▸ Work to complete: Please keep pictures out and return the lines below exactly, from the one holding "(US Air Force" through the last, both included.

▸ Given material:
Content starts

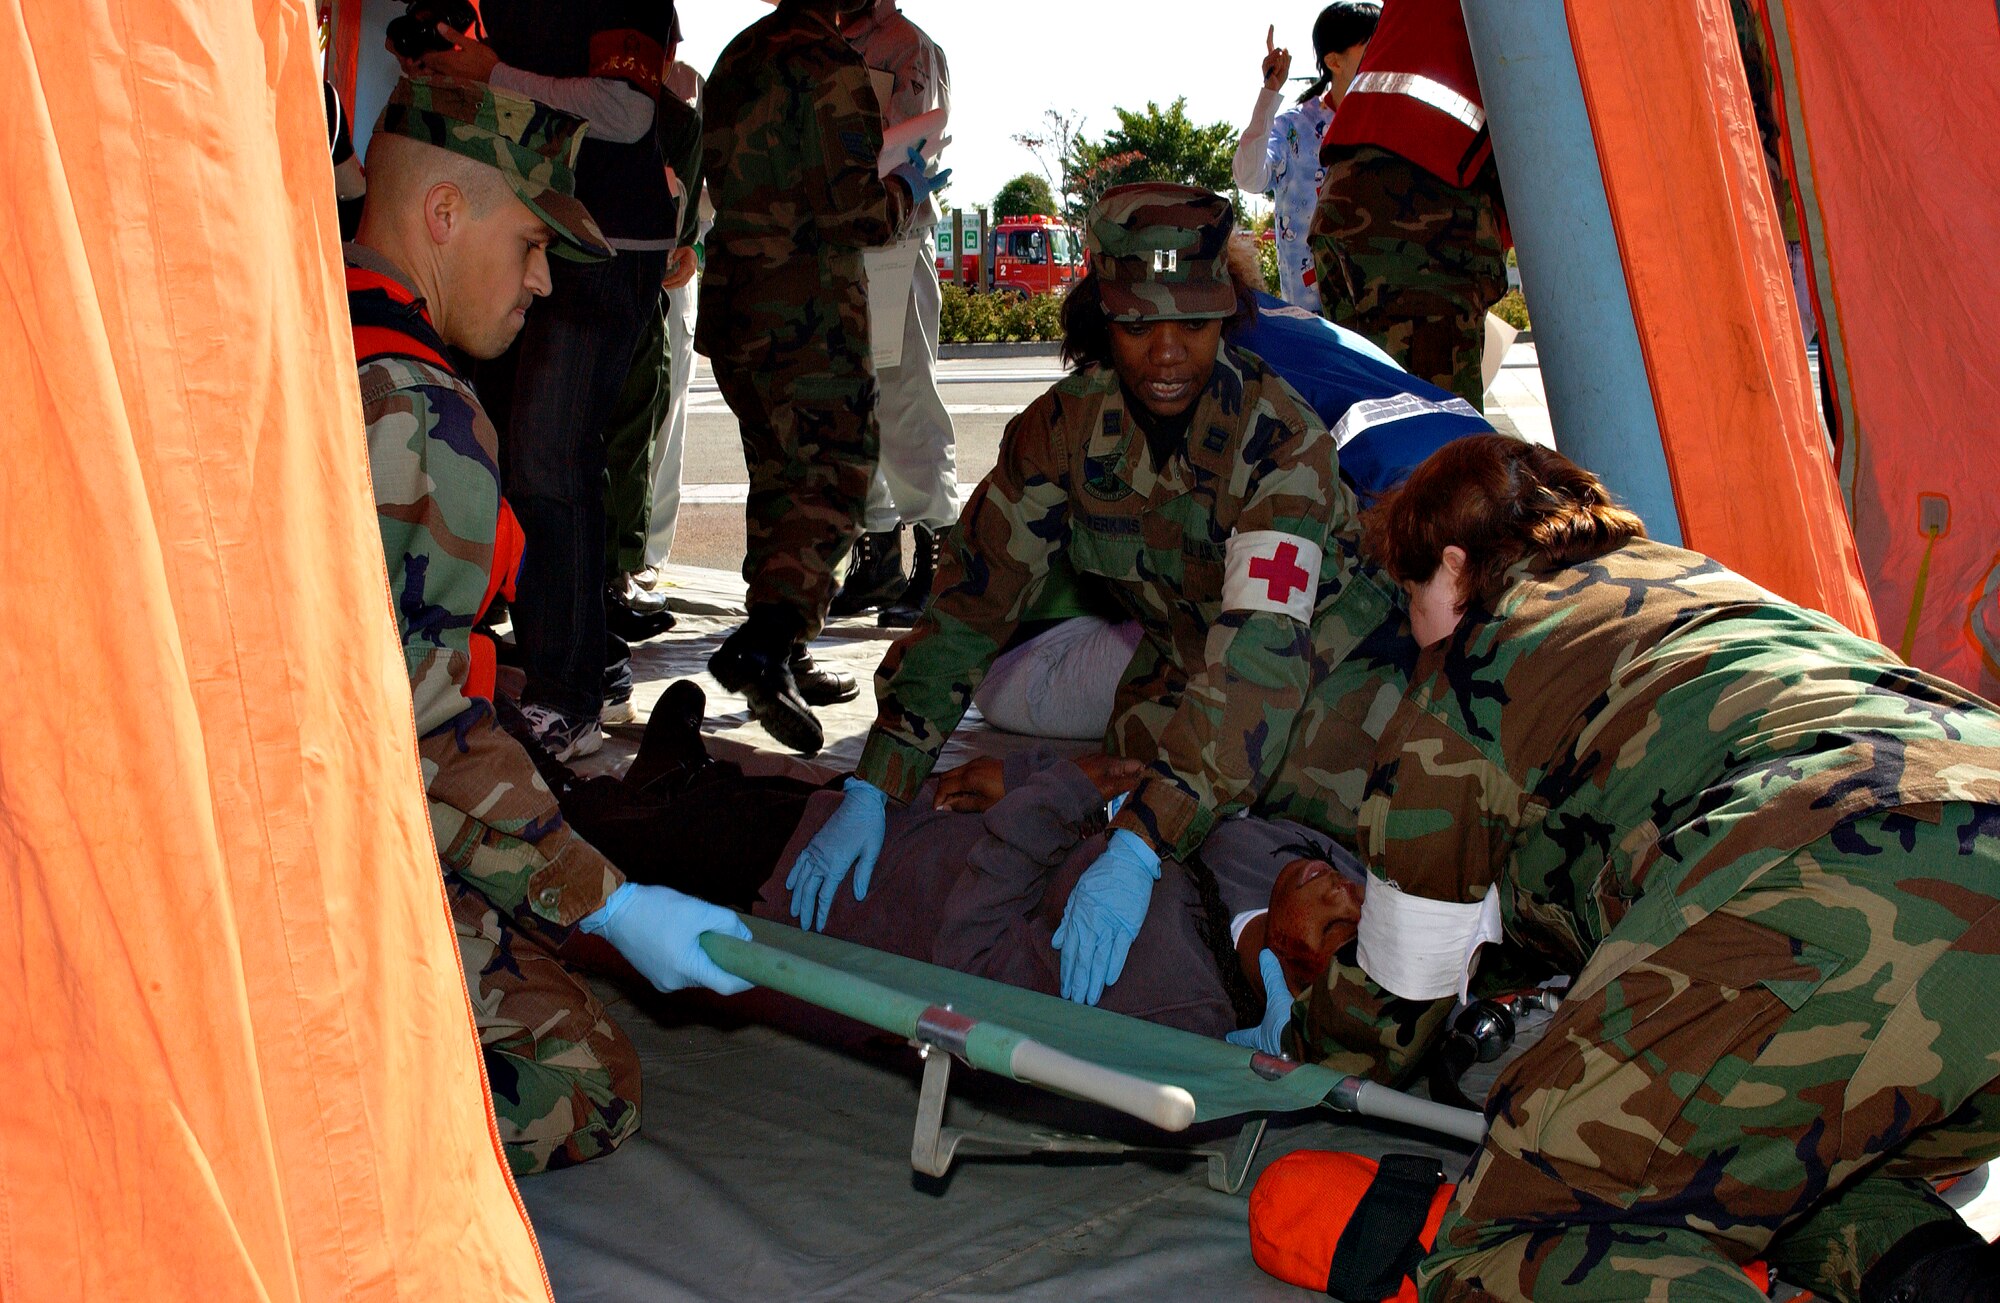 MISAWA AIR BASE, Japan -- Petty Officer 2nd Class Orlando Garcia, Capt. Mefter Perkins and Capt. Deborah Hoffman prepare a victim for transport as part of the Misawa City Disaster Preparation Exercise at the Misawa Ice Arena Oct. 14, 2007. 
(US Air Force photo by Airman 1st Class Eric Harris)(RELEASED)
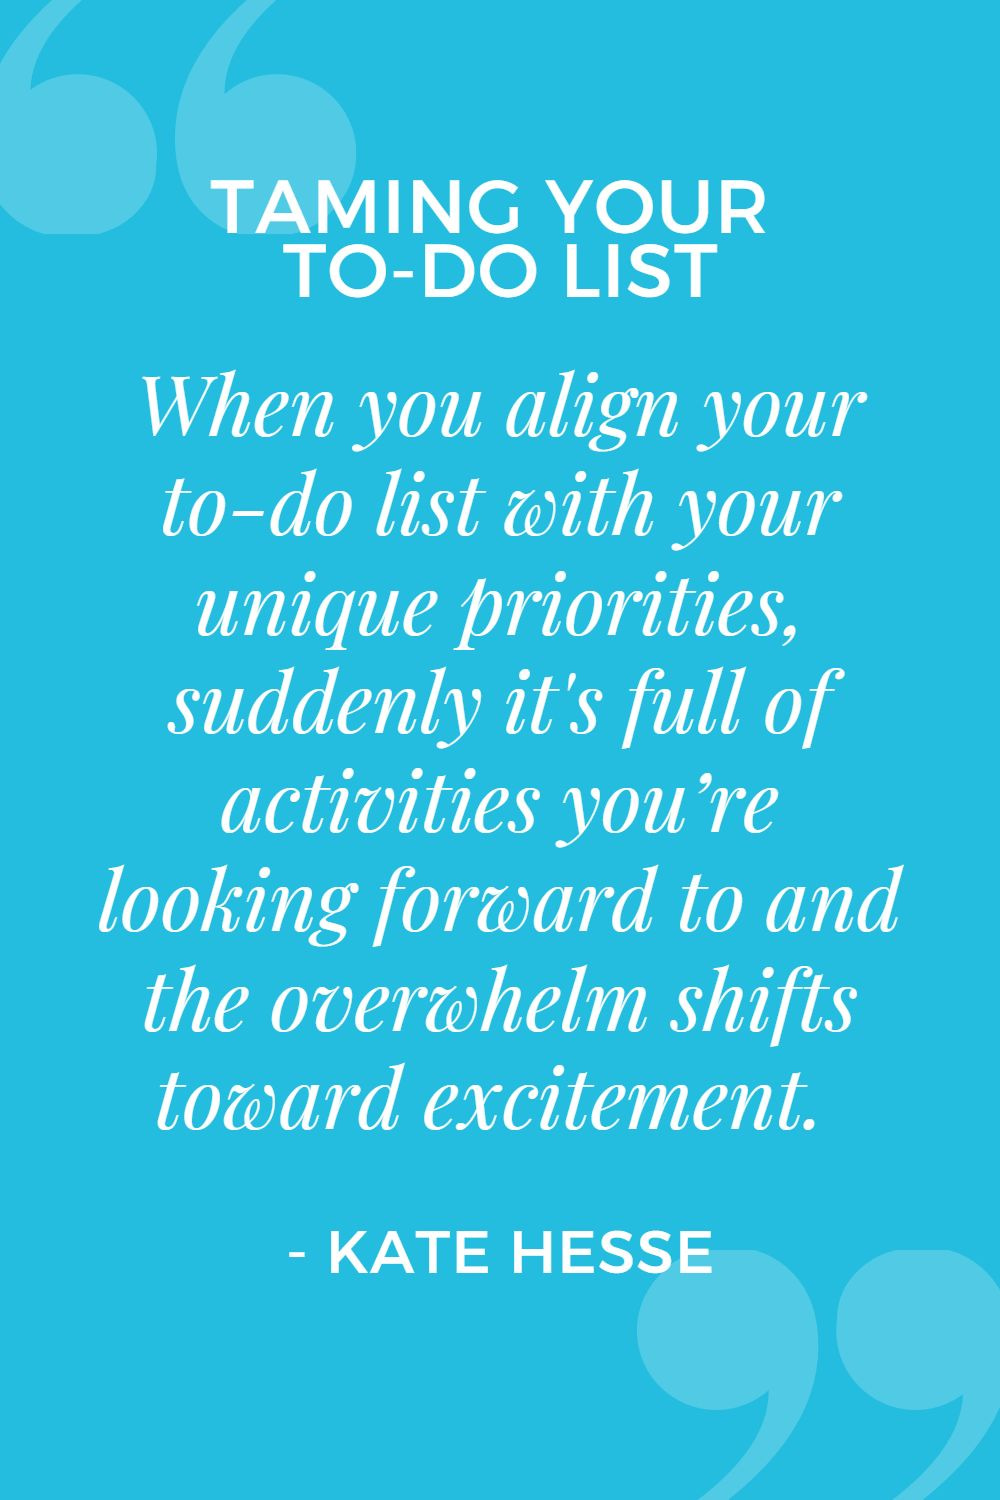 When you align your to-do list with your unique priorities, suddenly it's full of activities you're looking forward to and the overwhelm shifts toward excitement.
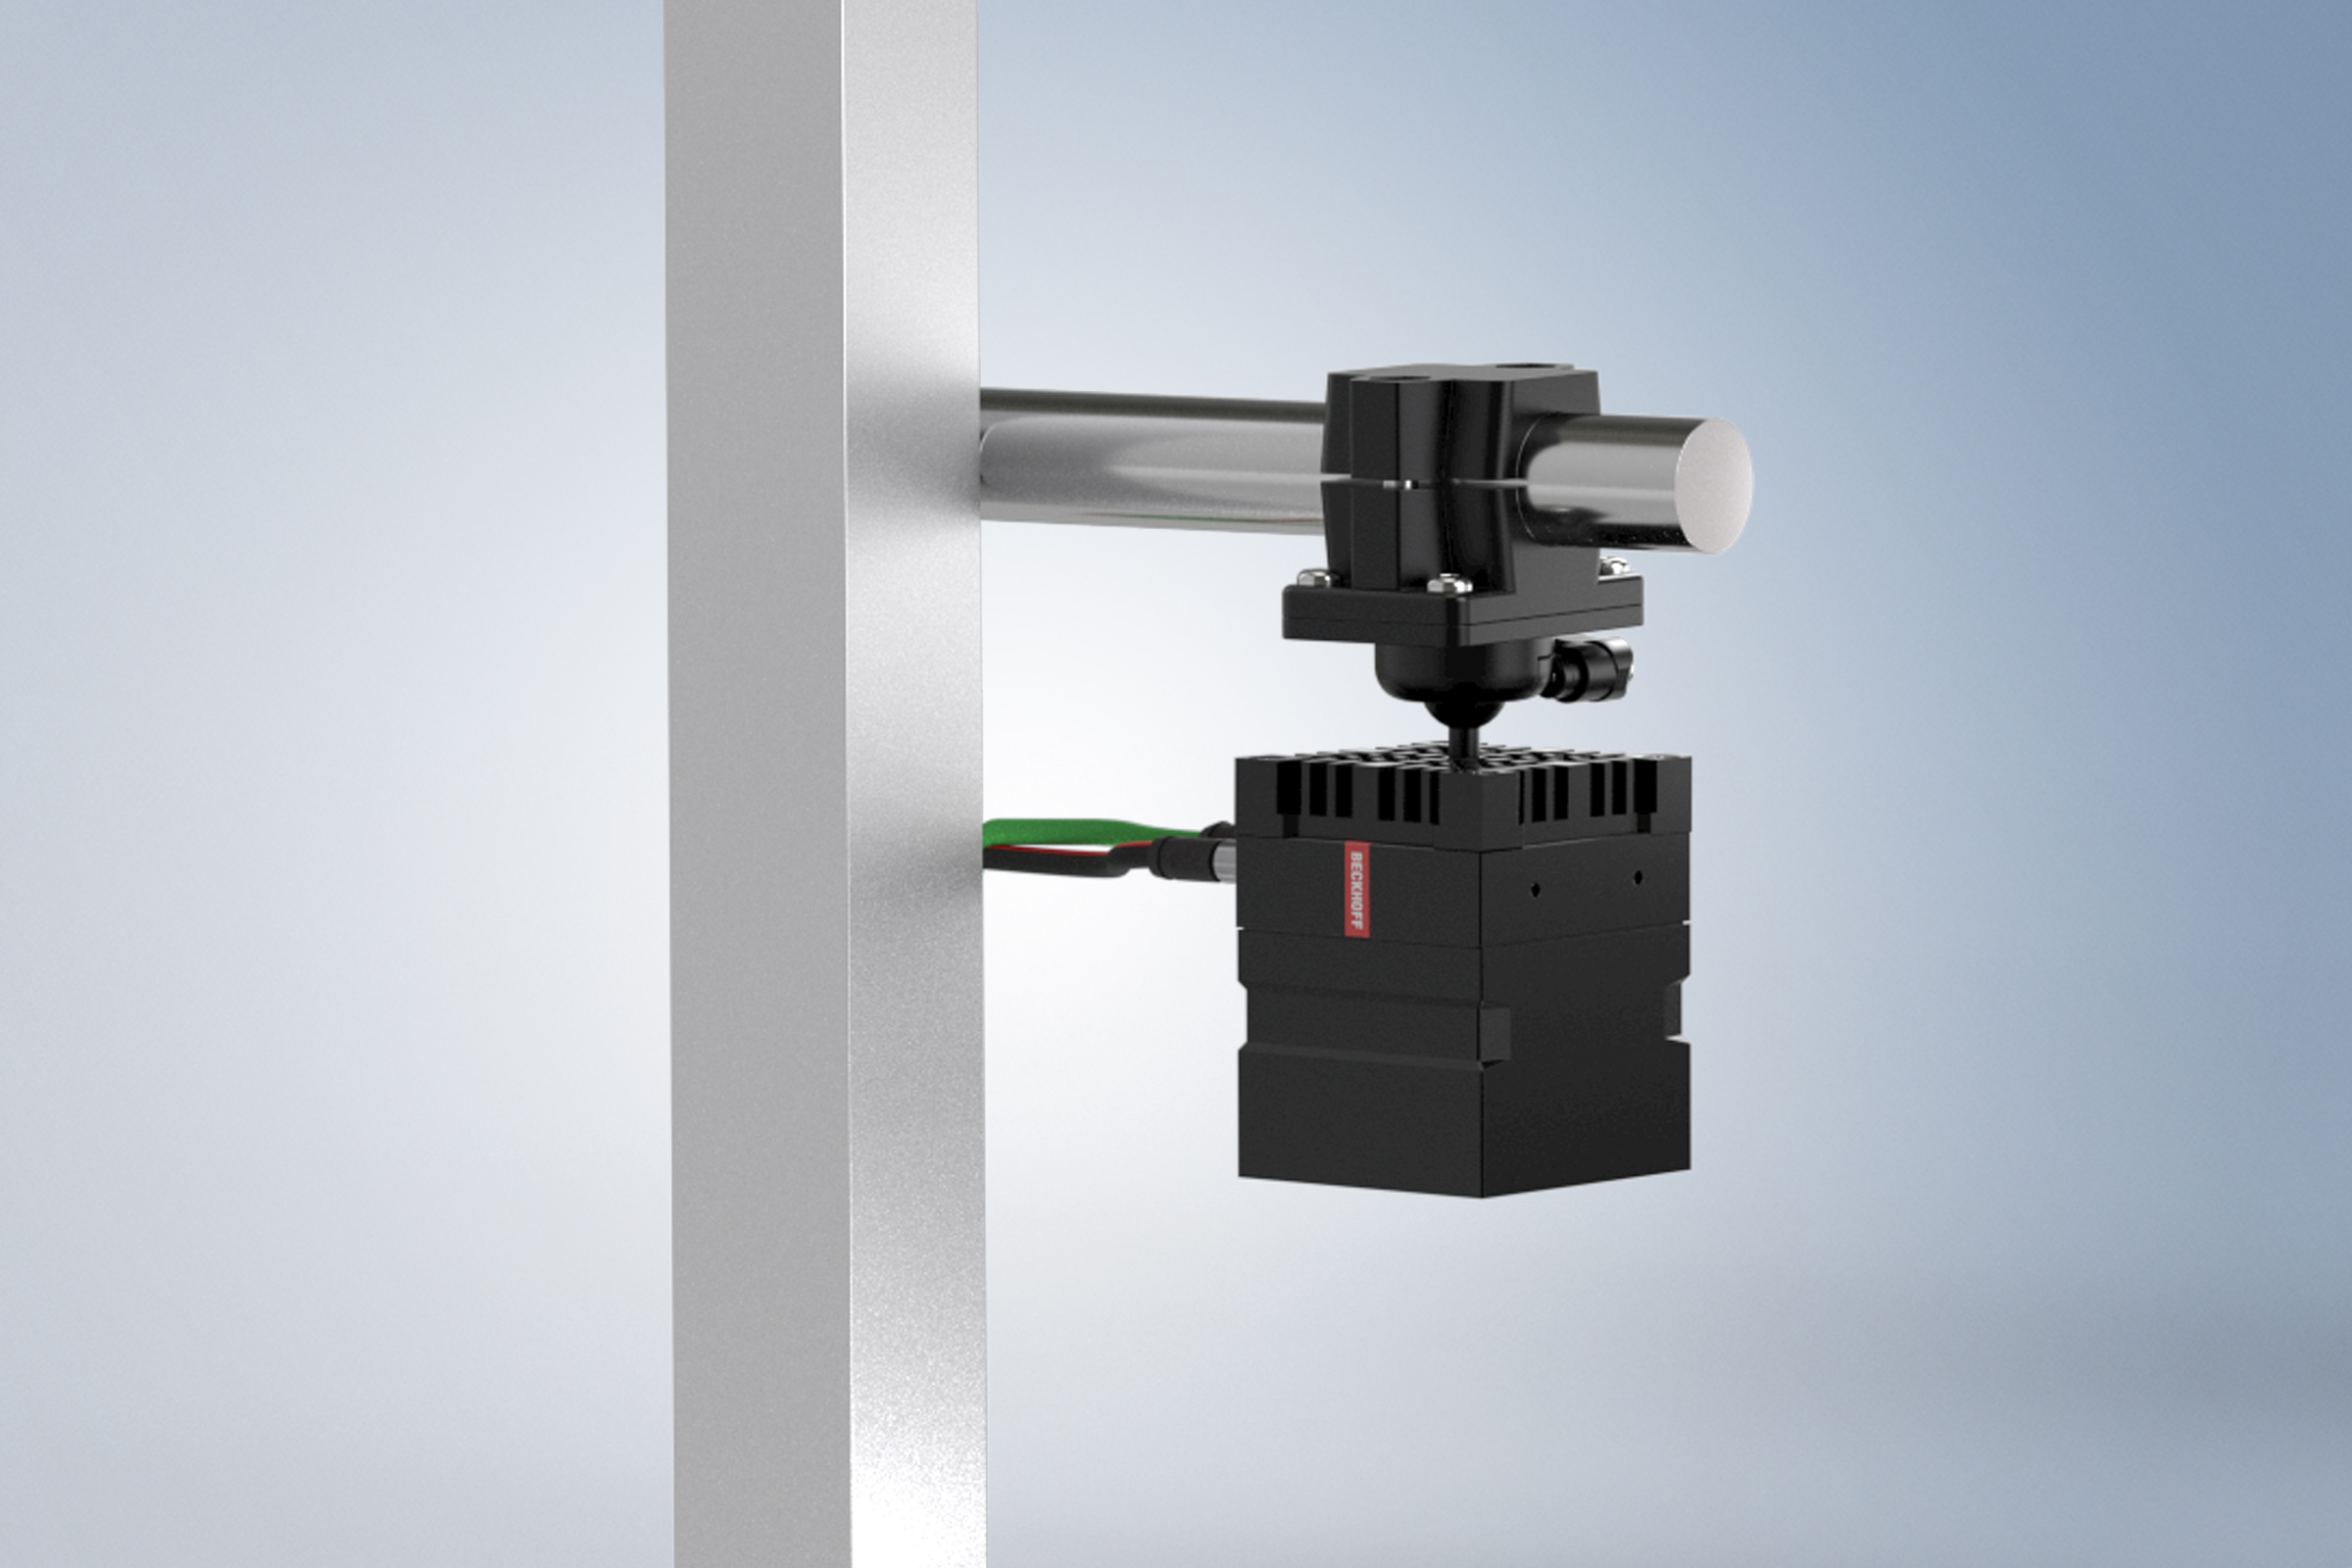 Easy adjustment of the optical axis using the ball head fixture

Content ends

▸ Solution to this problem:
(US Air Force photo by Airman 1st Class Eric Harris)(RELEASED)
 When you align your to-do list with your unique priorities, suddenly it's full of activities you're looking forward to and the overwhelm shifts toward excitement.
 Easy adjustment of the optical axis using the ball head fixture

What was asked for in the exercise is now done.